■ Data below

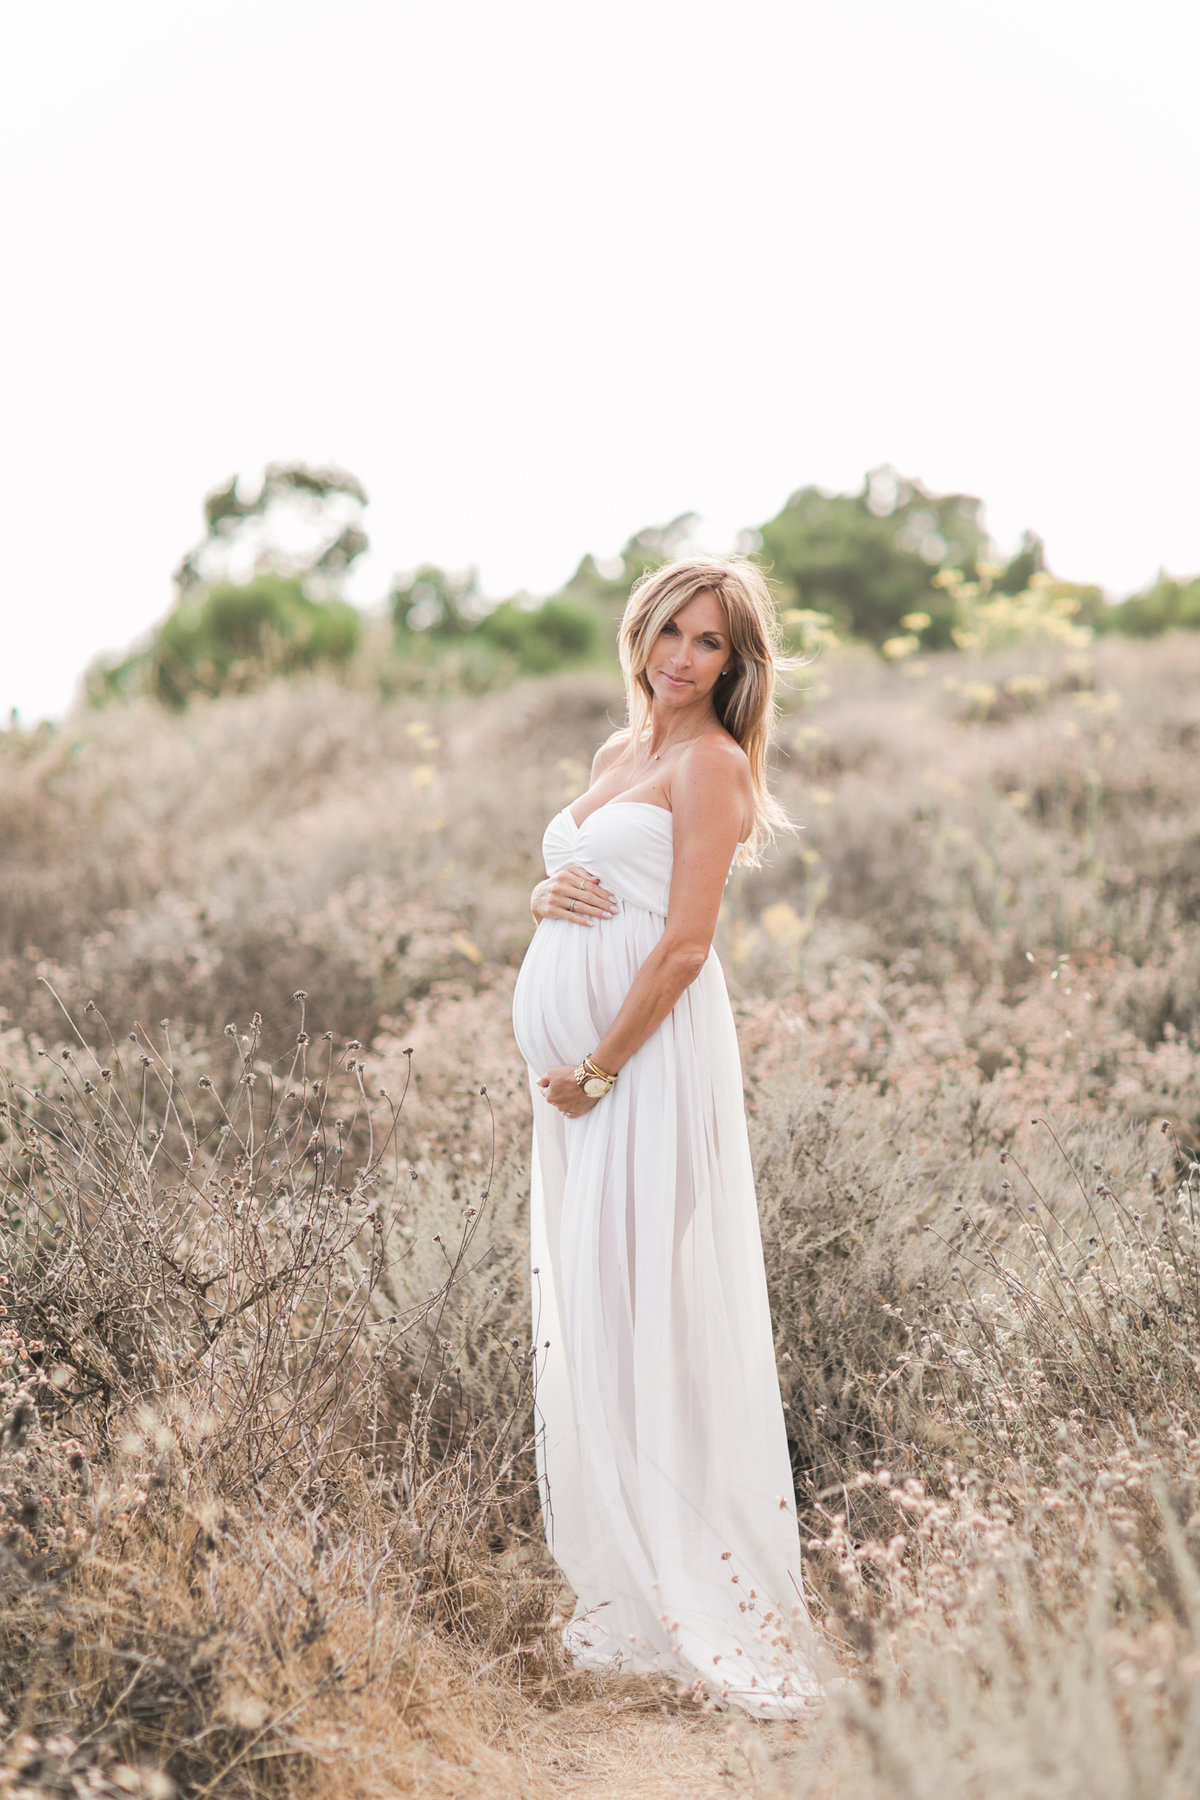 Southern California Coastline Maternity Session_Valorie Darling Photography-5812
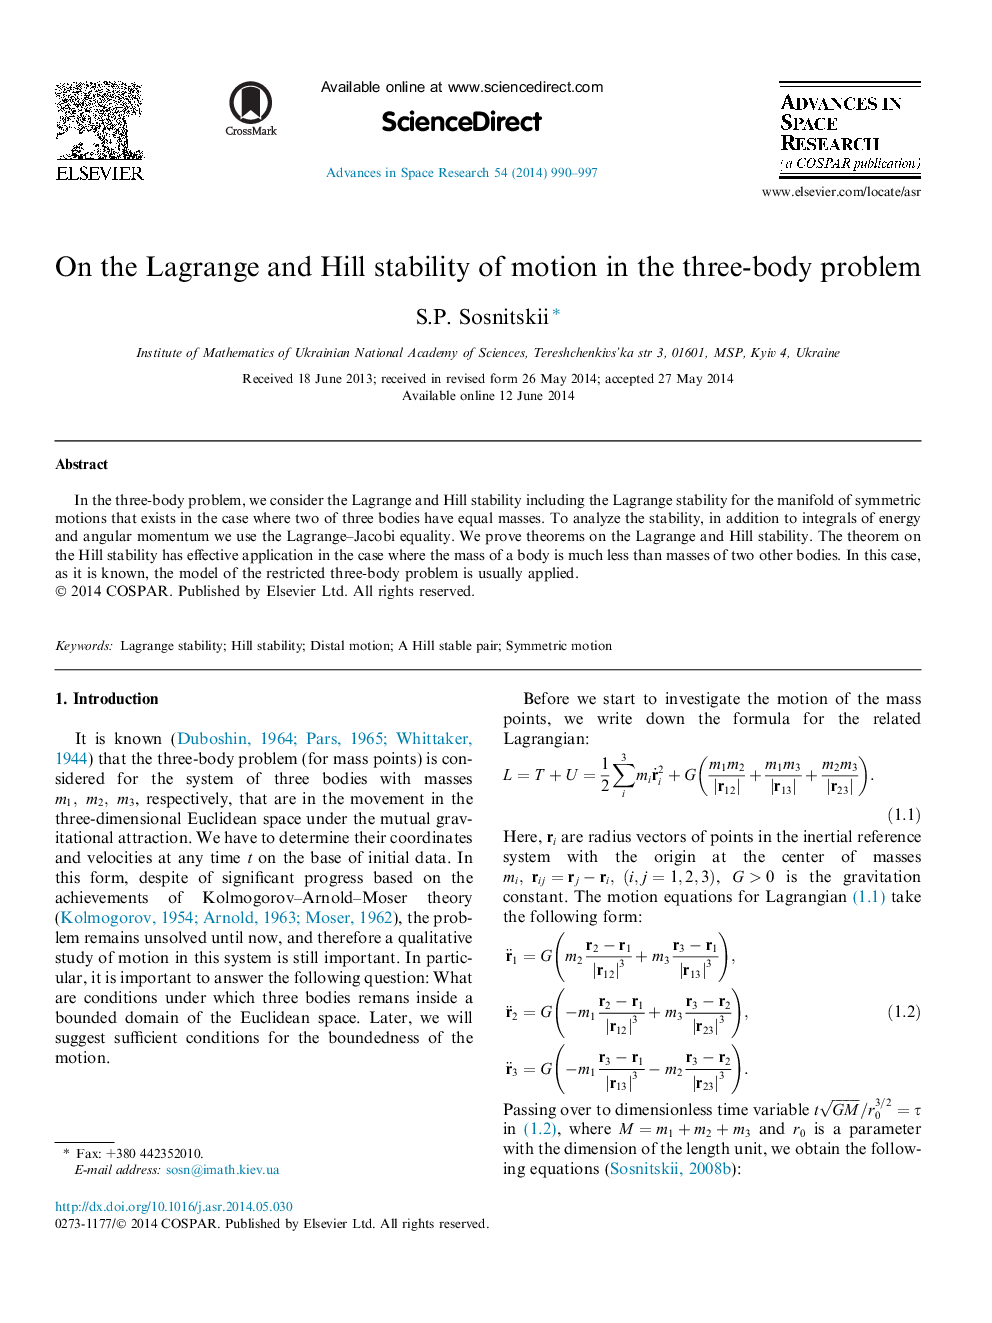 On the Lagrange and Hill stability of motion in the three-body problem
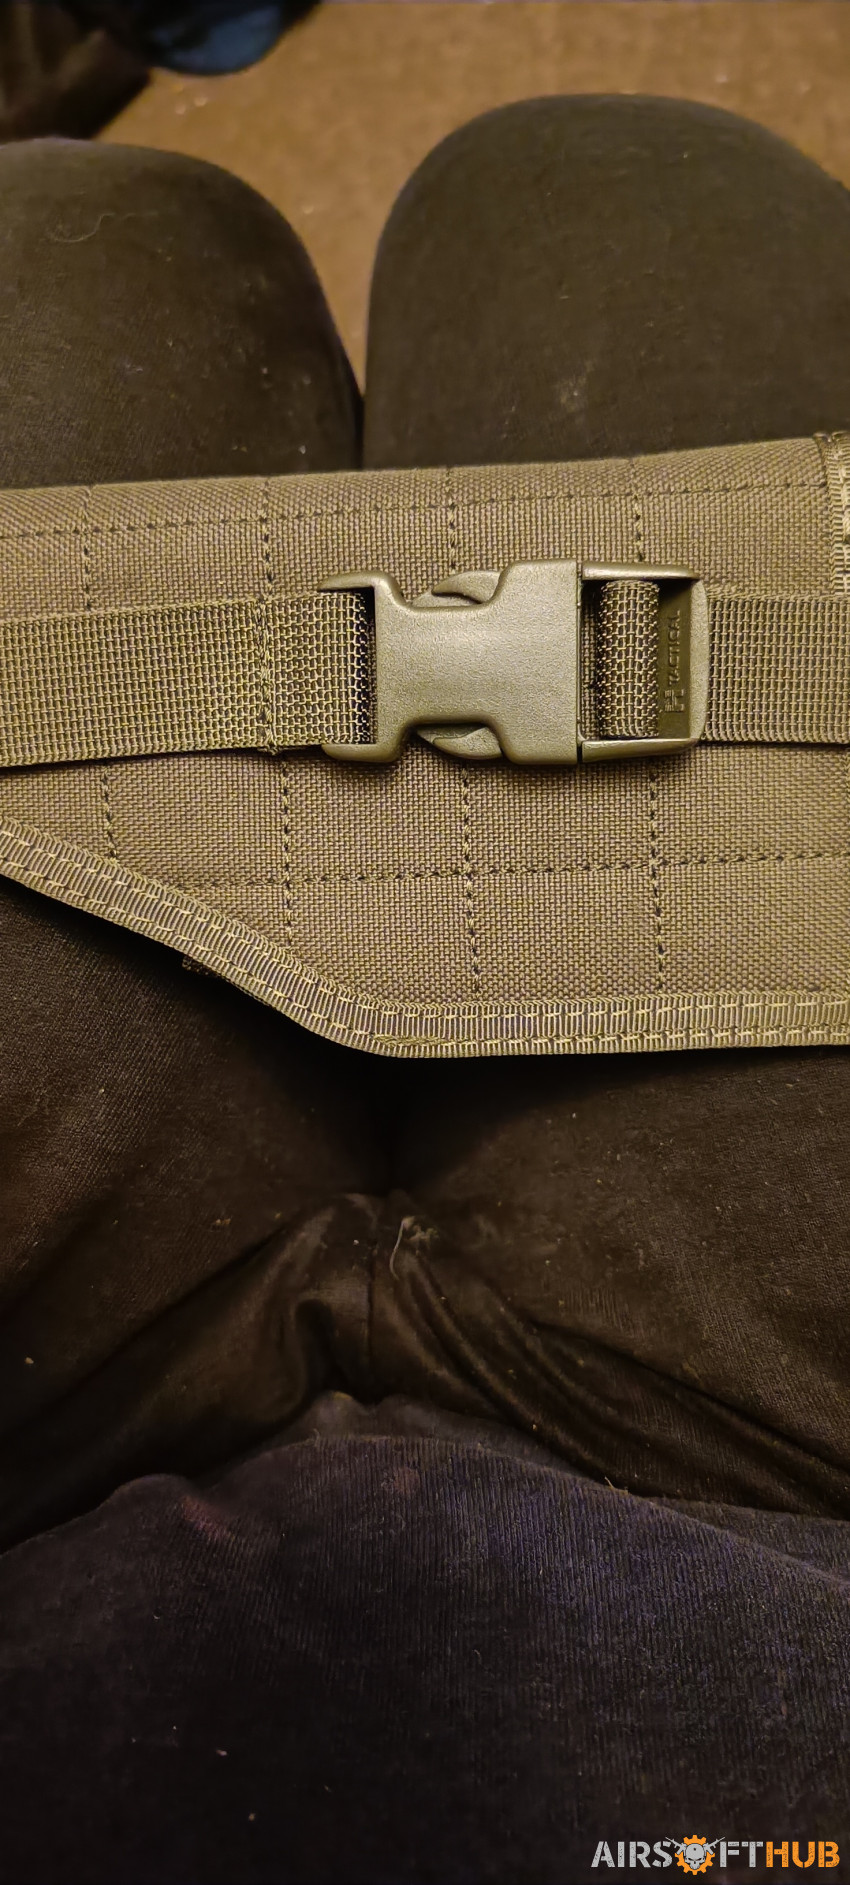 Pistol holster - Used airsoft equipment
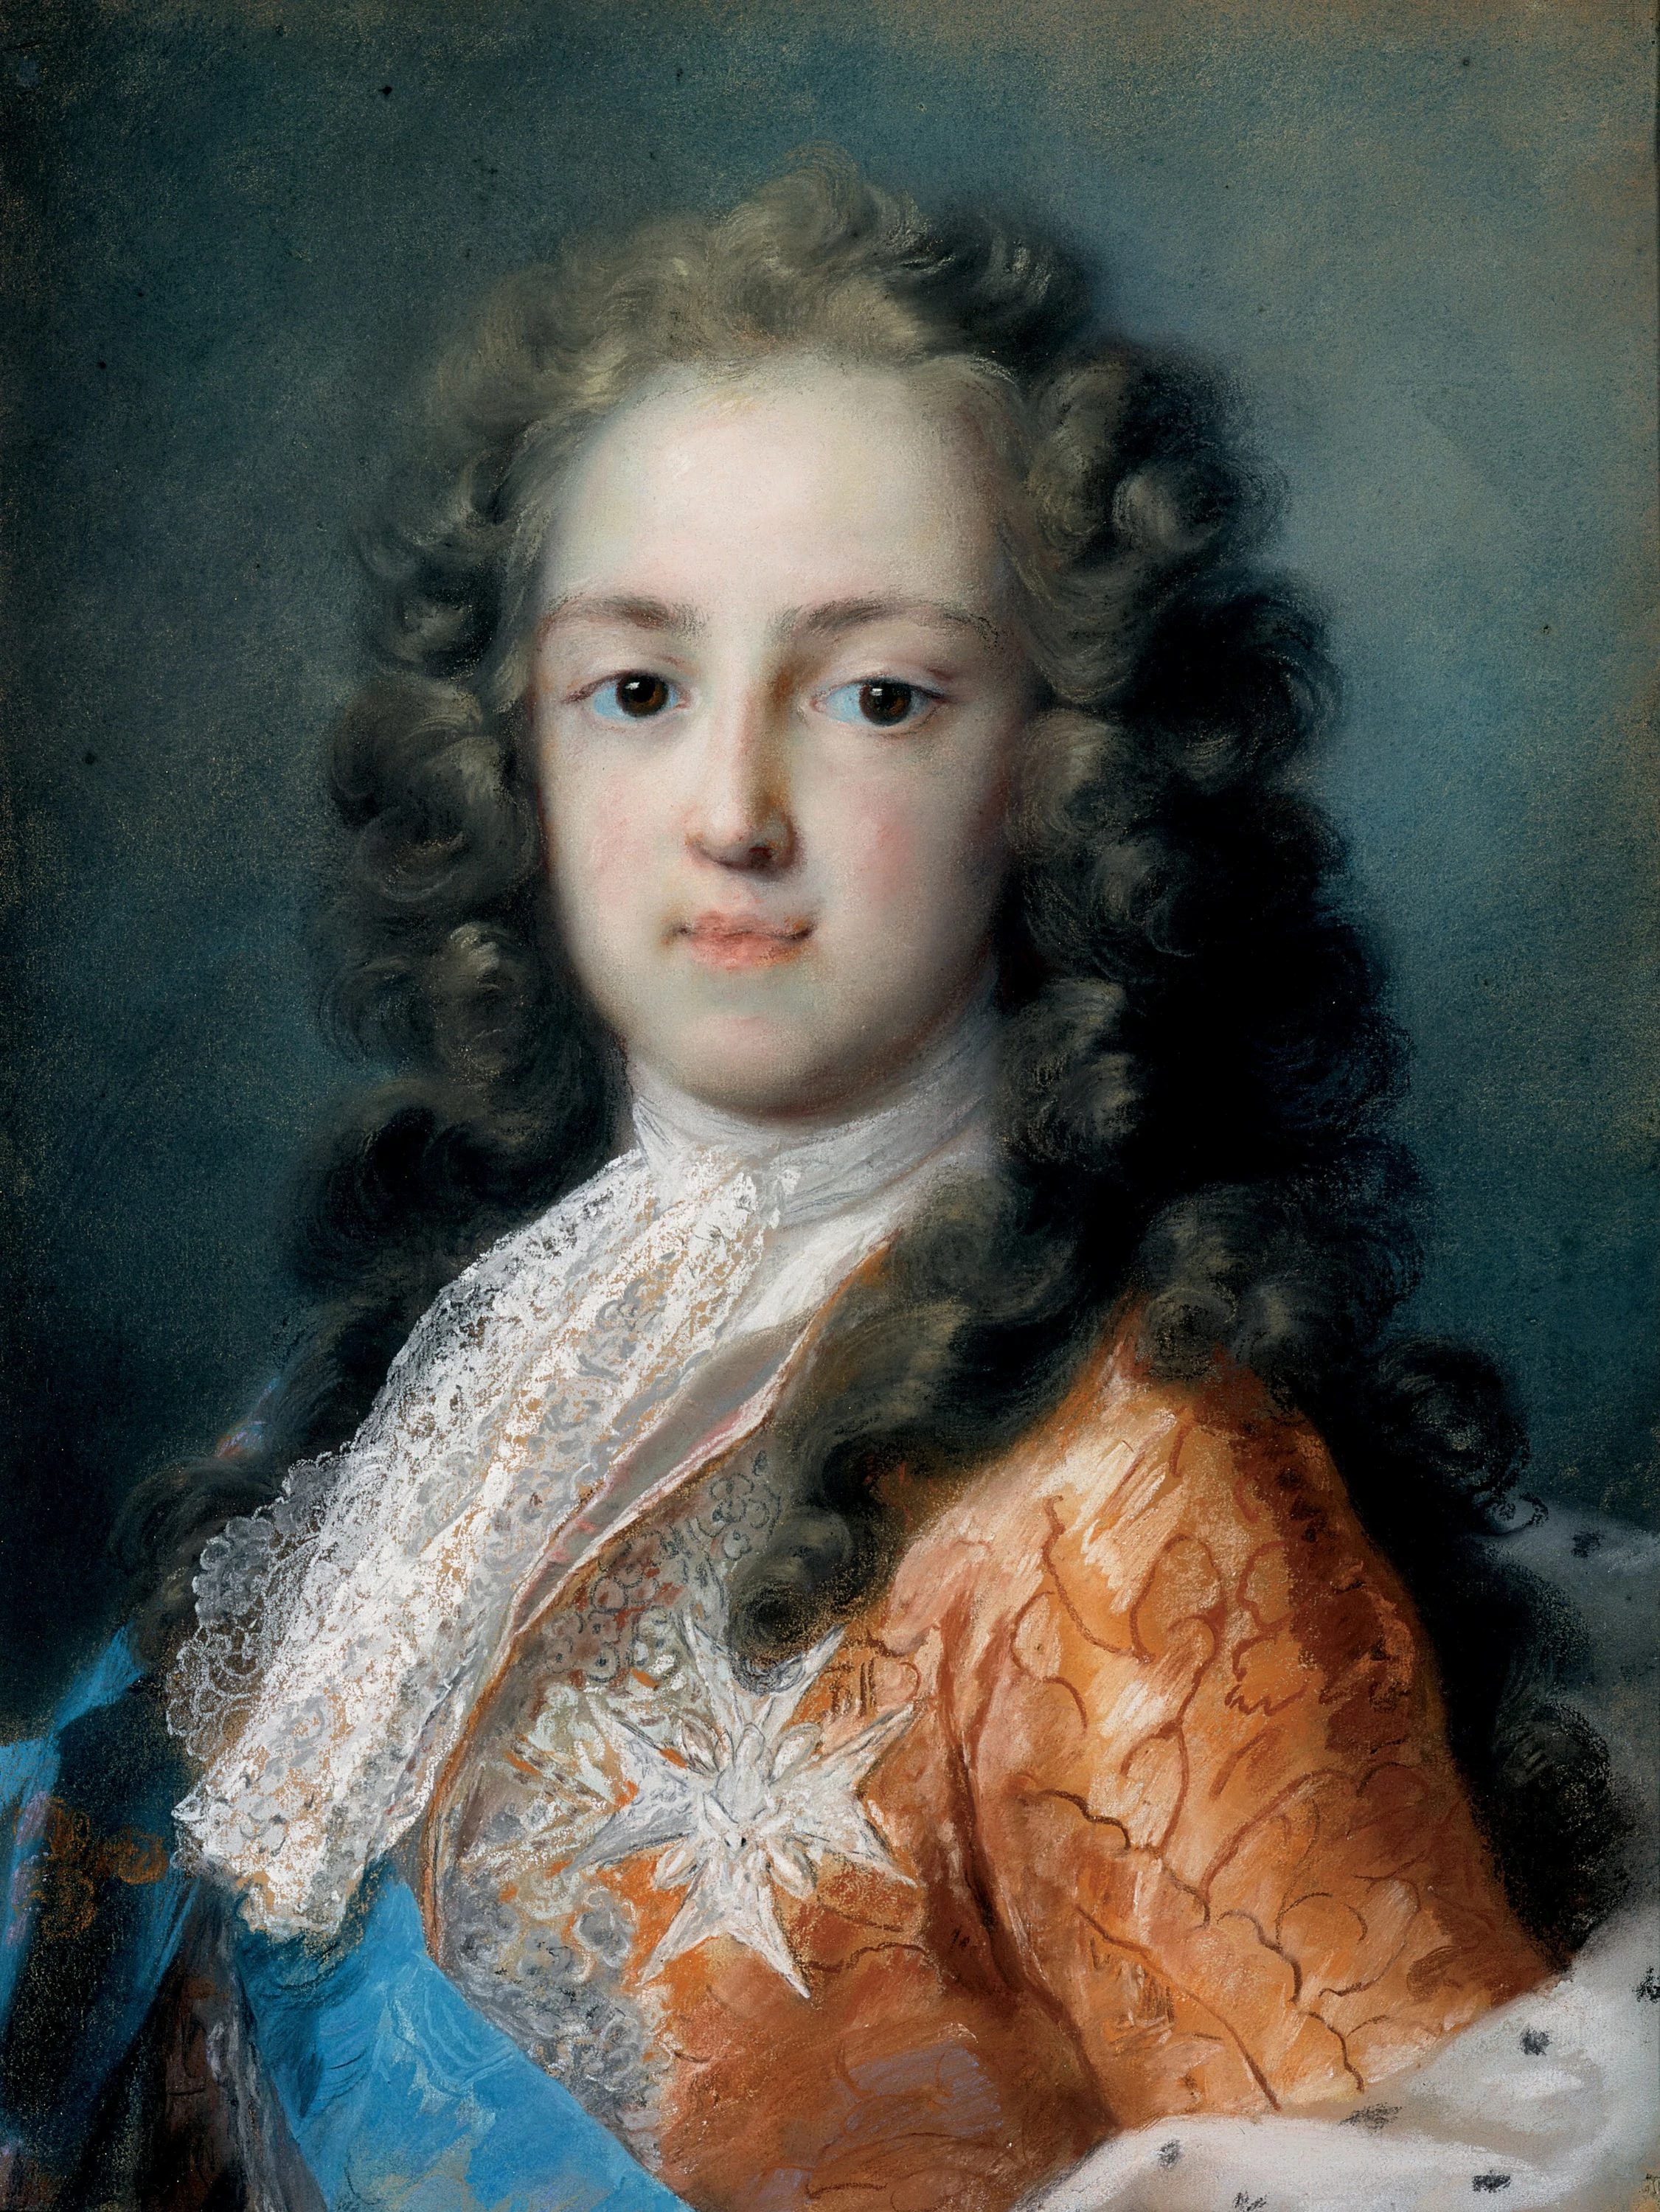 Louis XV of France as Dauphin, Rosalba Carriera

■ What the task asks
Leave out every picture and write out exactly the lines running from the line containing "On the Lagrange" to the end of the listing above.

■ Reply
 On the Lagrange and Hill stability of motion in the three-body problem
 Pistol holster - Used airsoft equipment
 Louis XV of France as Dauphin, Rosalba Carriera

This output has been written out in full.